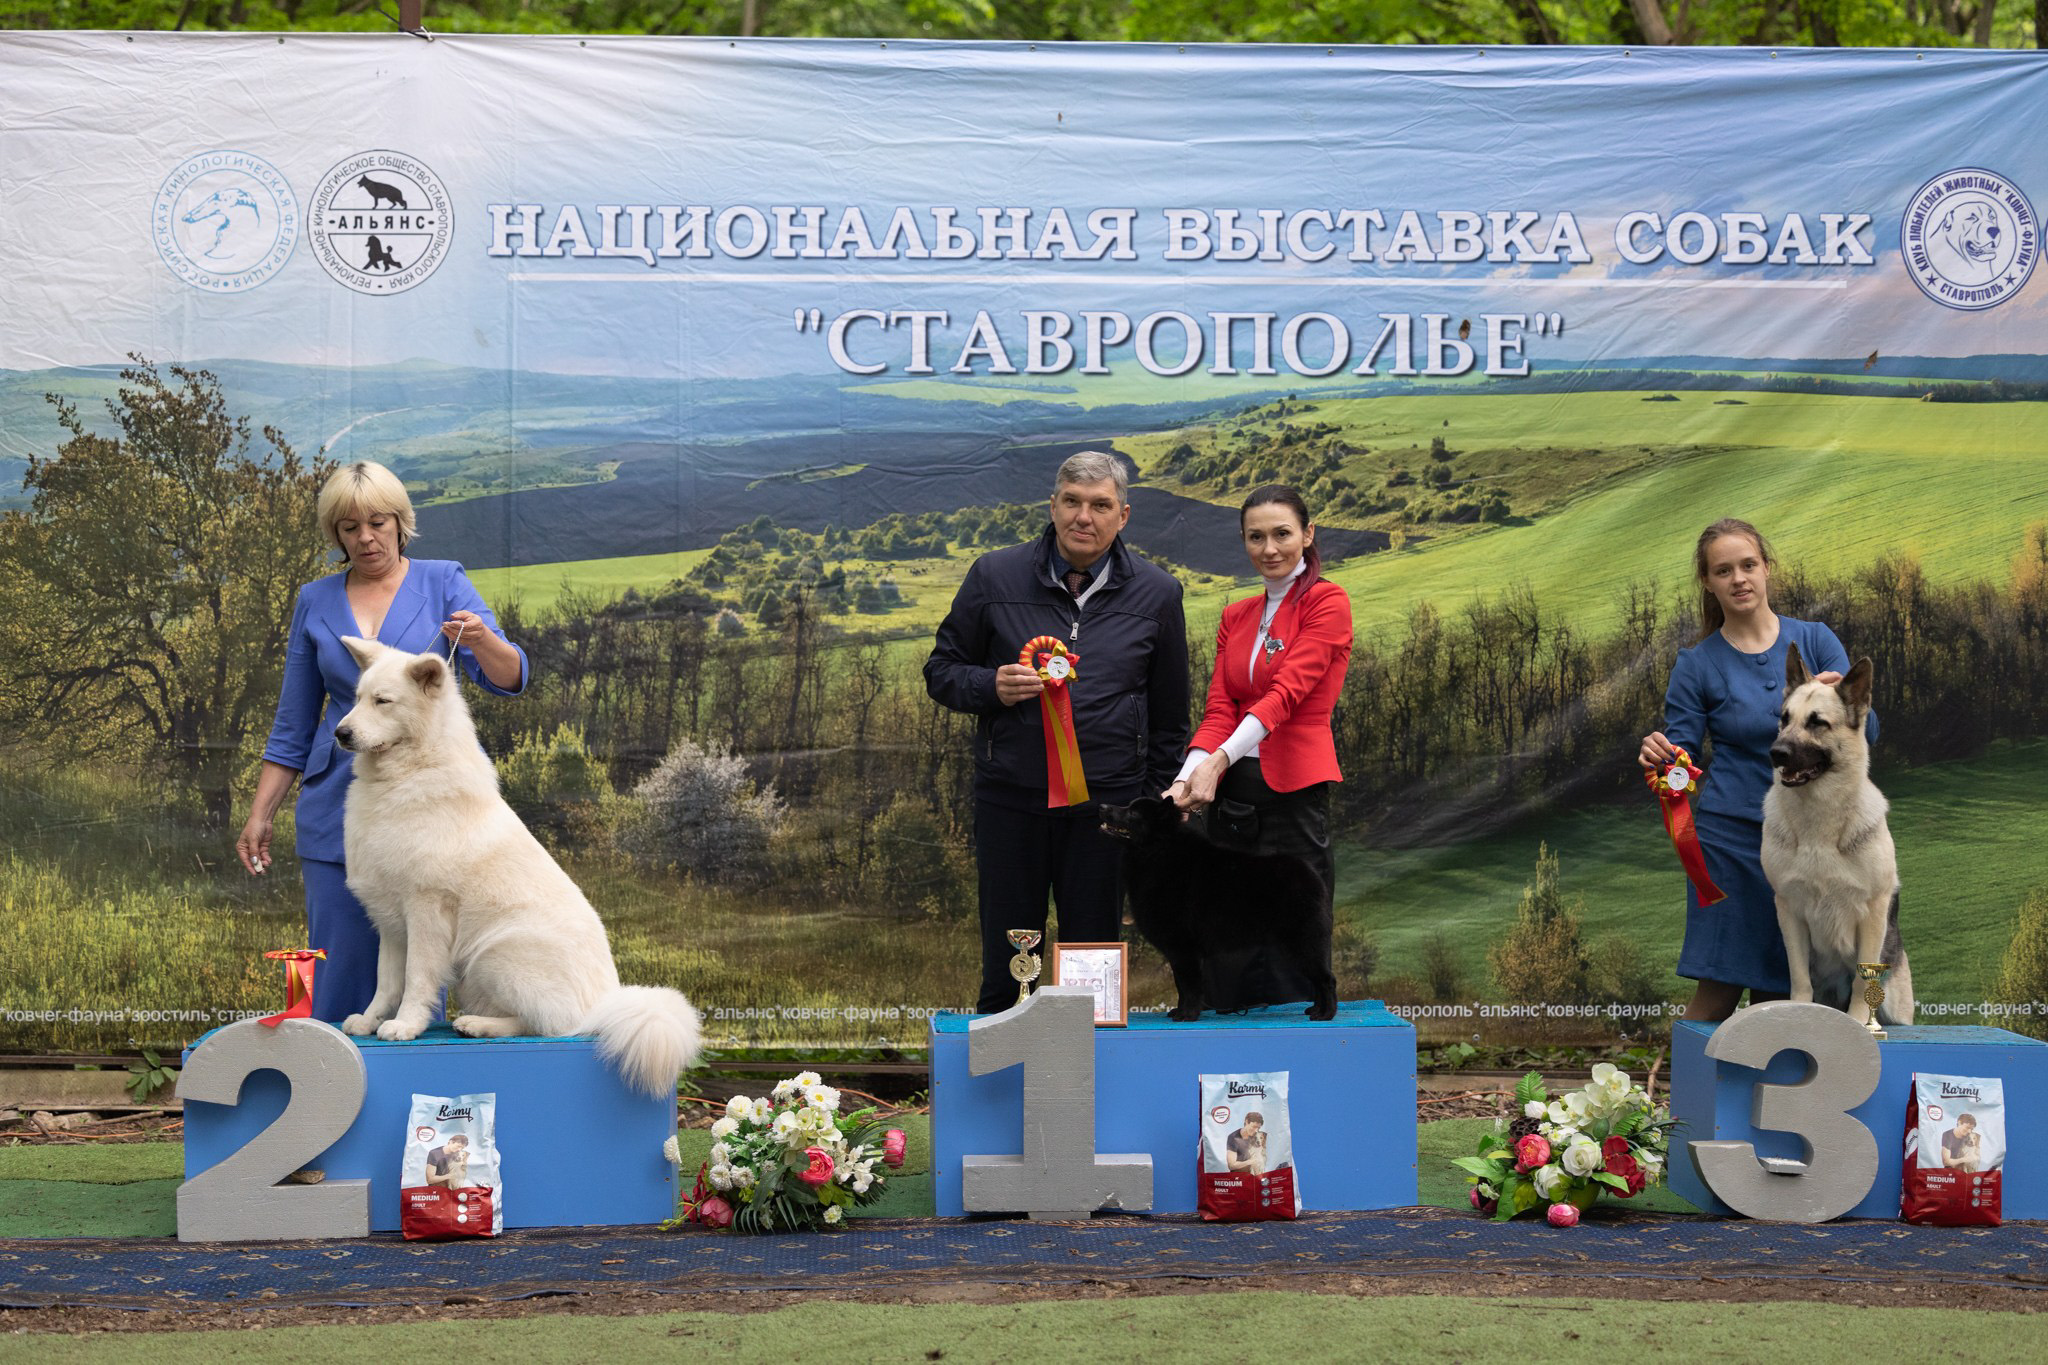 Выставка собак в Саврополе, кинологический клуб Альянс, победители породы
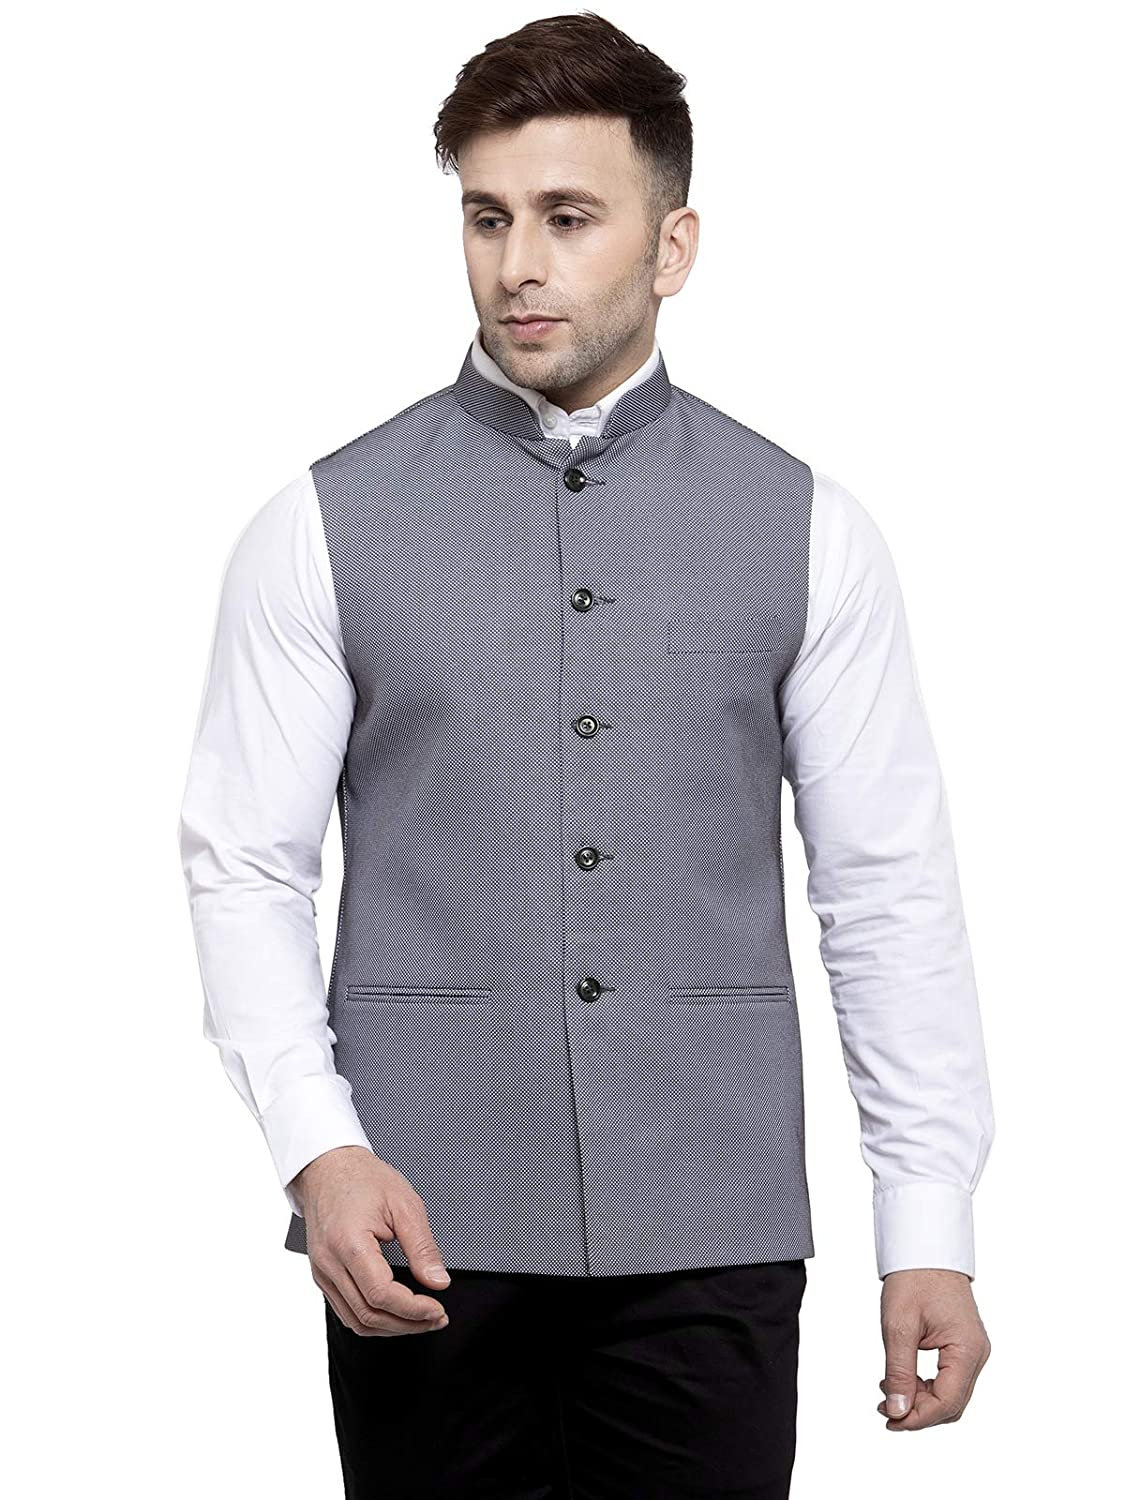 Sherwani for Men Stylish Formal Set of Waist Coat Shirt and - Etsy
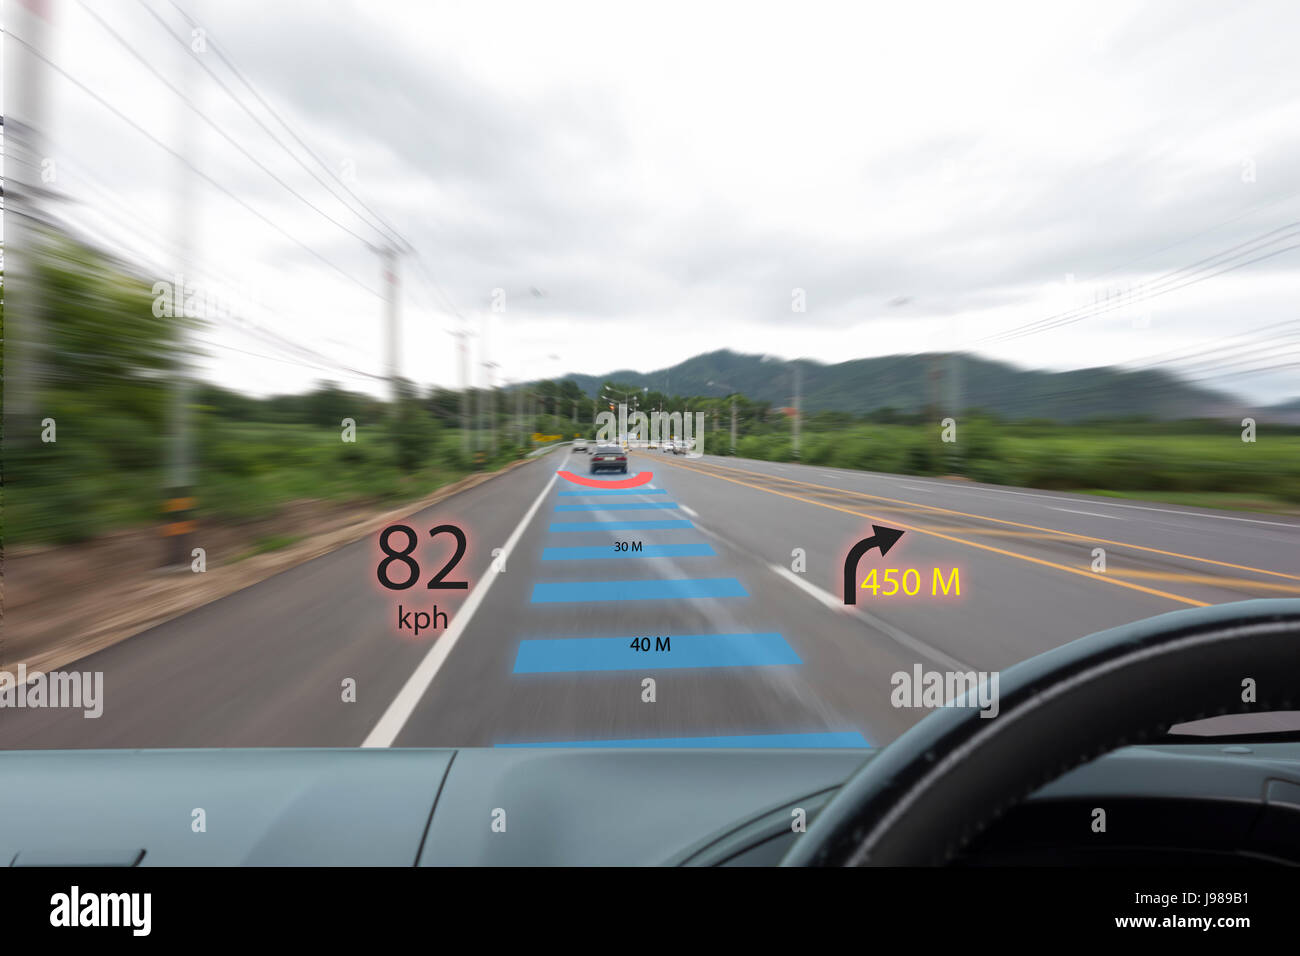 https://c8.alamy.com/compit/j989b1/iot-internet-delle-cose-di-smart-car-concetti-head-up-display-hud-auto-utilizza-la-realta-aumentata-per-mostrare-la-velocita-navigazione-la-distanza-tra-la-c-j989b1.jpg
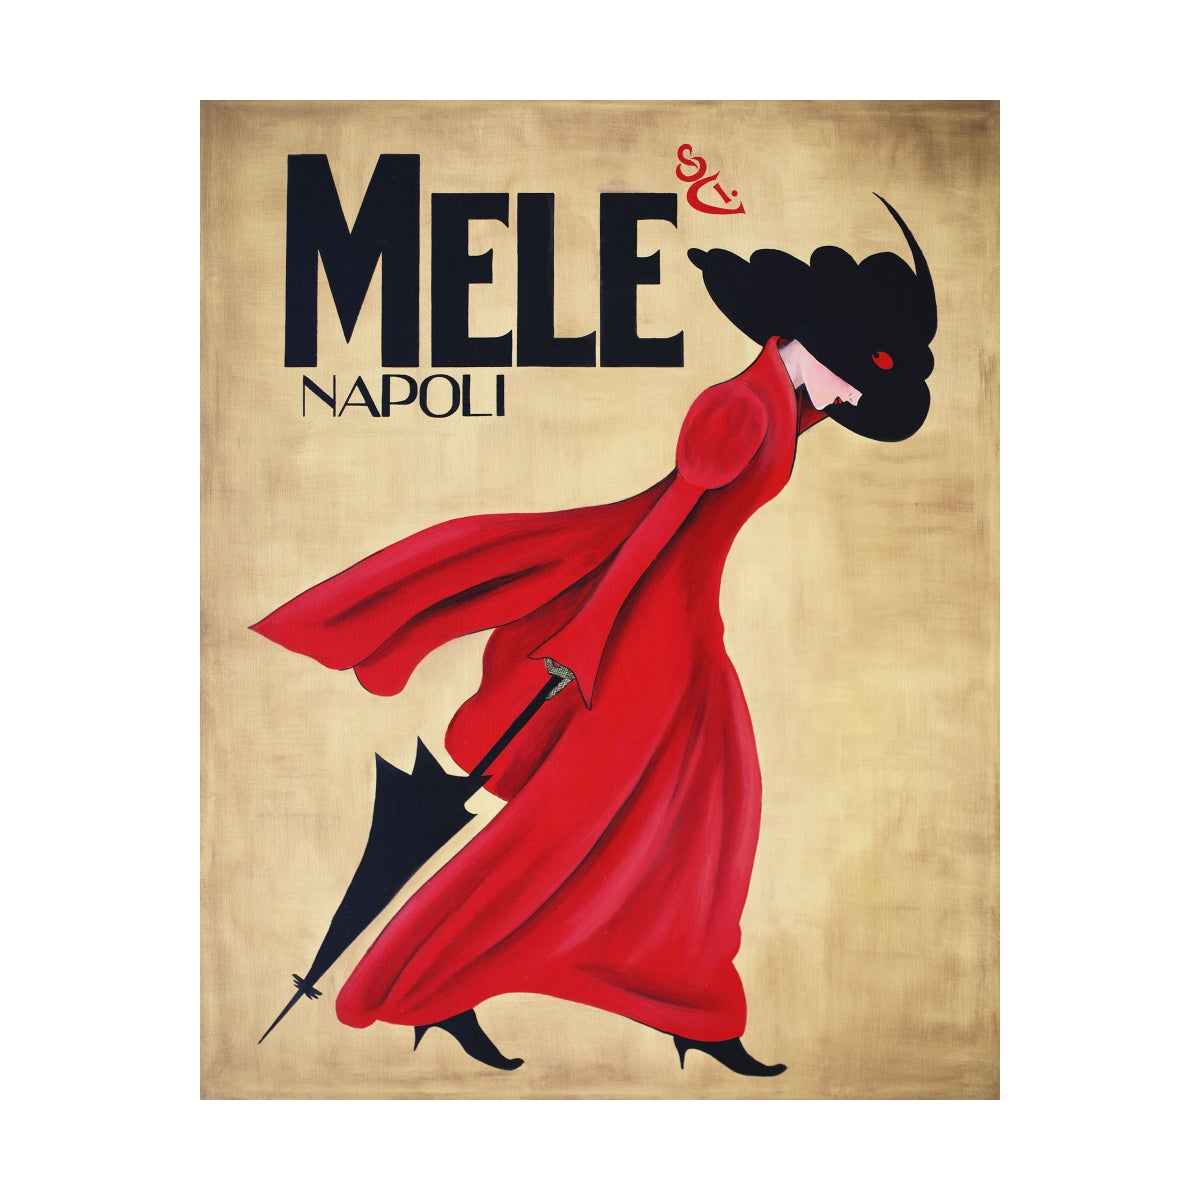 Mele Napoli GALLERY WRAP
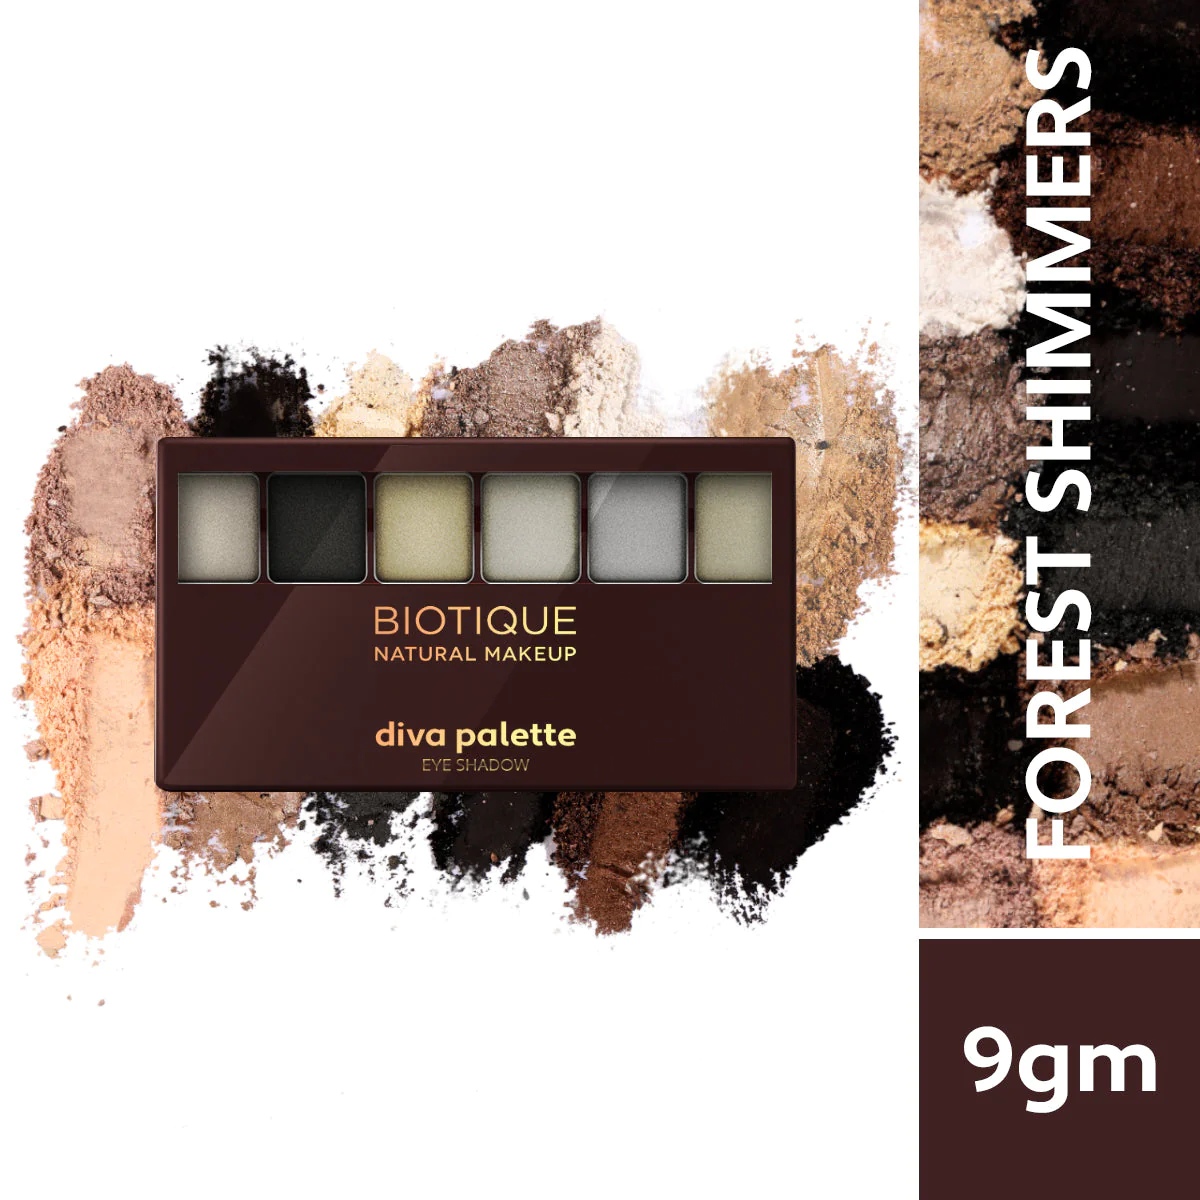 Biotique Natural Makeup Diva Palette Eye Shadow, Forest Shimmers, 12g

== == ==

Please produce an exact copy of the listing, omitting the pictures.

 Выставка собак в Саврополе, кинологический клуб Альянс, победители породы
 Sherwani for Men Stylish Formal Set of Waist Coat Shirt and - Etsy
 https://c8.alamy.com/compit/j989b1/iot-internet-delle-cose-di-smart-car-concetti-head-up-display-hud-auto-utilizza-la-realta-aumentata-per-mostrare-la-velocita-navigazione-la-distanza-tra-la-c-j989b1.jpg
 Mele Napoli GALLERY WRAP
 Biotique Natural Makeup Diva Palette Eye Shadow, Forest Shimmers, 12g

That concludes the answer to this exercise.